Theoretically, one nice method for doing this is the * Newton-Rahpson * method. In this method, we iteratively calculate the gradient
$$
\mathbf{w}^{new} \leftarrow \mathbf{w}^{old} - \mathbf{H}^{-1} \nabla E(\mathbf{w}),
$$
where $\mathbf{H}$ is the Hessian matrix which is the second derivative of the energy function. For OLS linear regression, one can show that this procedure yields the right answer.

More generally, there are a number of generalizations of this idea that have been proposed. We wil refer to these kinds of methods as generalized gradient descent methods and discuss them extensively in what follows.

** Excercise:** In what follows, use Pandas to import the first 10,000 examples and call that the training data and import the next 1000 examples and call that the test data.

In [55]:

```
# Importing the SUSY Data set
import pandas as pd
import tensorflow as tf
#Download SUSY from UCI ML archive
filename="SUSY.csv.gz"
columns=["signal", "lepton 1 pT", "lepton 1 eta", "lepton 1 phi", "lepton 2 pT", "lepton 2 eta",
"lepton 2 phi", "missing energy magnitude", "missing energy phi", "MET_rel",
"axial MET", "M_R", "M_TR_2", "R", "MT2", "S_R", "M_Delta_R", "dPhi_r_b", "cos(theta_r1)"]
#Load 10,000 rows as train data
df_train=pd.read_csv(filename, names=columns, compression='gzip', nrows=10000)
#Load 1,000 rows as test data
df_test=pd.read_csv(filename, names=columns, compression='gzip', nrows=1000, skiprows=10000)
#Check of size of objects
print df_test.shape
print df_train.shape
```

We now will run logistic regression using MLE.
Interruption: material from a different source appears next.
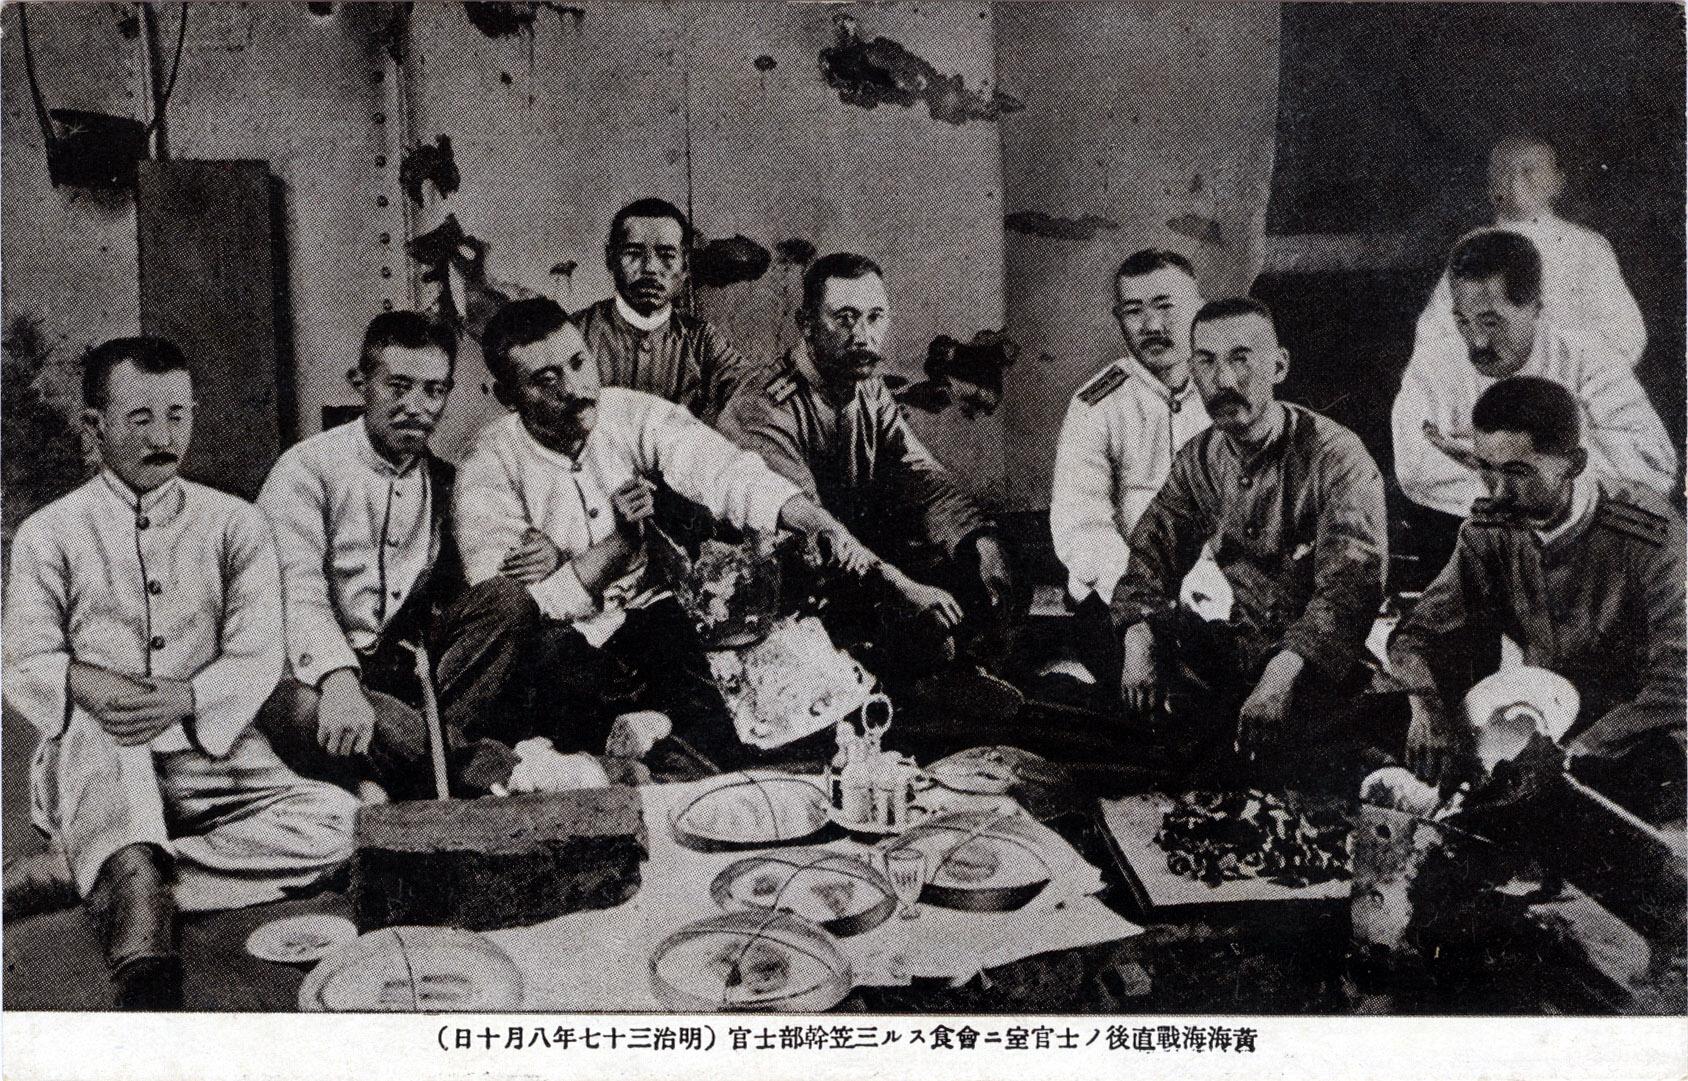 Prajurit Jepang sedang menikmati Kari Jepang
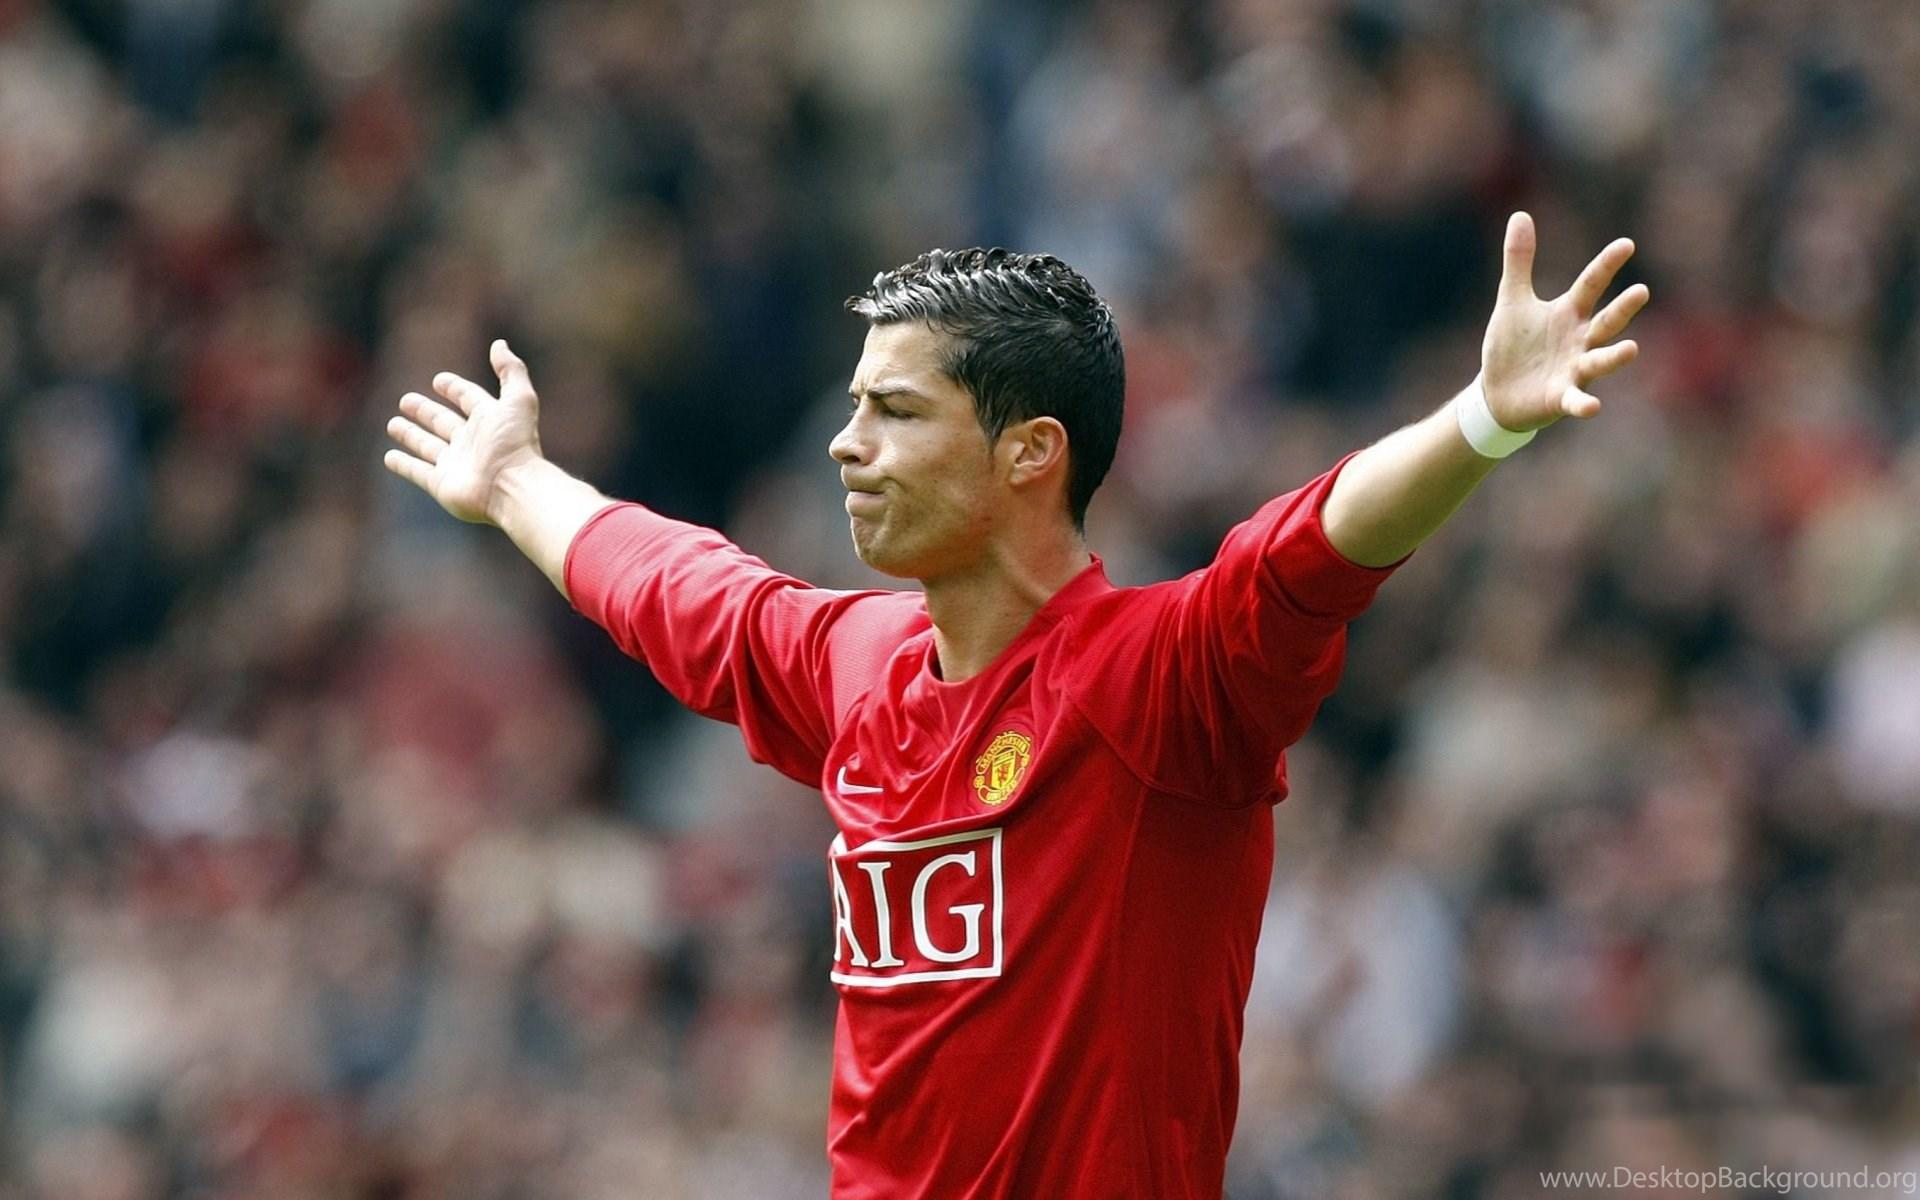 Cristiano Ronaldo Manchester United Wallpapers For Widescreen

**Excercise:** Using the tensor flow tutorial here, run logistic regression on the SUSY data for both the simple features (first 8 features) and the full feature space. How well did you do?

** Excercise:** Do the same thing in the scikit package.

**Exercise:** Now repeat the exercise using L1 regularization, L2 regularization. Does this help your out-of-sample prediction? What is the difference between the two form of regularization.